Take action, change behaviors
Remember, financial wellness is about action and behaviors. This should reframe the way you think about common financial resolutions.
Do you want to save more? Your resolution should be to develop a plan that will help you spend less and facilitate regular deposits into your savings and/or investment accounts.
Do you want to pay down debt? Your resolution should be to identify why you are accruing debt in the first place. Evaluating your budget is a good place to start.
Do you want to spend less? Your resolution should be about differentiating between needs and wants and detailing your income and expenses so you can build a budget.
At KeyBank, we talk about financial wellness in five steps.
- Understand where you are today.
- Take action.
- Build healthy financial habits.
- Monitor regularly.
- Celebrate each success.
Most New Year resolutions focus on steps three and four, which is why they fail. If you want to get to step five, celebrating success, you cannot skip steps one and two. Understanding your starting point and taking the necessary steps to act financially responsible and build good habits are the bedrocks of meeting any big financial goals you set for yourself—for 2018 and beyond.
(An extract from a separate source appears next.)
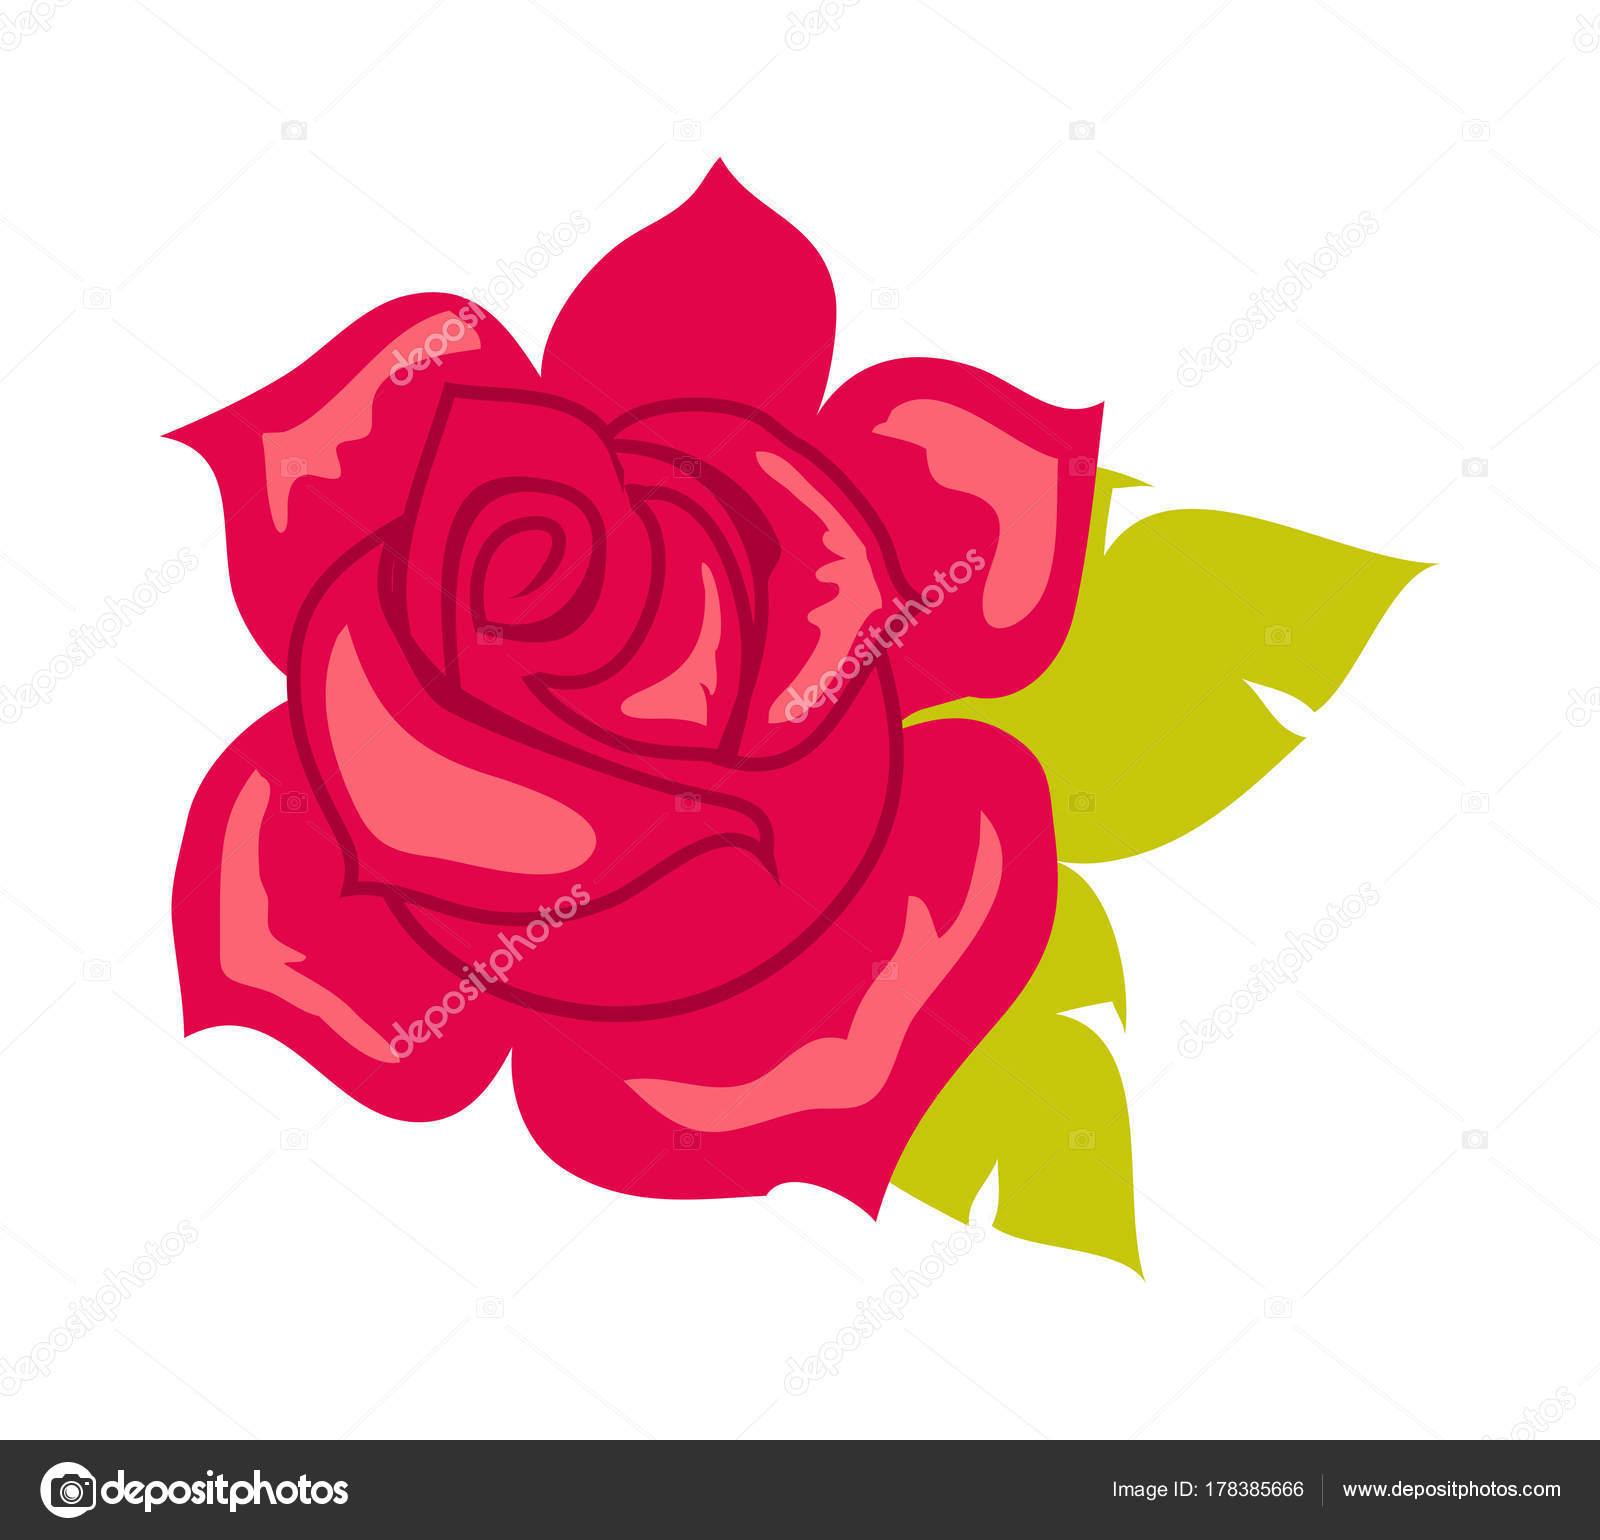 Rose Rouge Avec Feuille Verte Fleur En Style Cartoon Image

About the author: Ruth Mahoney is regional retail leader and president of KeyBank’s Capital Region. She may be reached at either 518-257-8619 or [email protected].
Six financial goals
If financial wellness is the journey then what is the destination?
Similar to the resolution to eat better and exercise more, the outcome of focusing on improving your financial wellness is excellent overall financial health. LearnVe$t offers goal-oriented outcomes in their article, “Six telltale signs you’re in great financial health.”
- You’re a two-income household—but can live off just one.
- Your net worth exceeds your annual income—and keeps growing.
- You can name what’s in your investment portfolio.
- You neither owe nor get a refund at tax time.
- Less than a third of your income goes toward debt.
- You’re done with car payments.
These are great goals—celebratory goals. They can only be achieved through successfully completing a series of steps. Save a little more. Check your balance a little more often. And finally, spend less time focusing on the destination and more time taking actions and building healthy financial habits. The progress you make will feel great. More important, your goals will become within reach.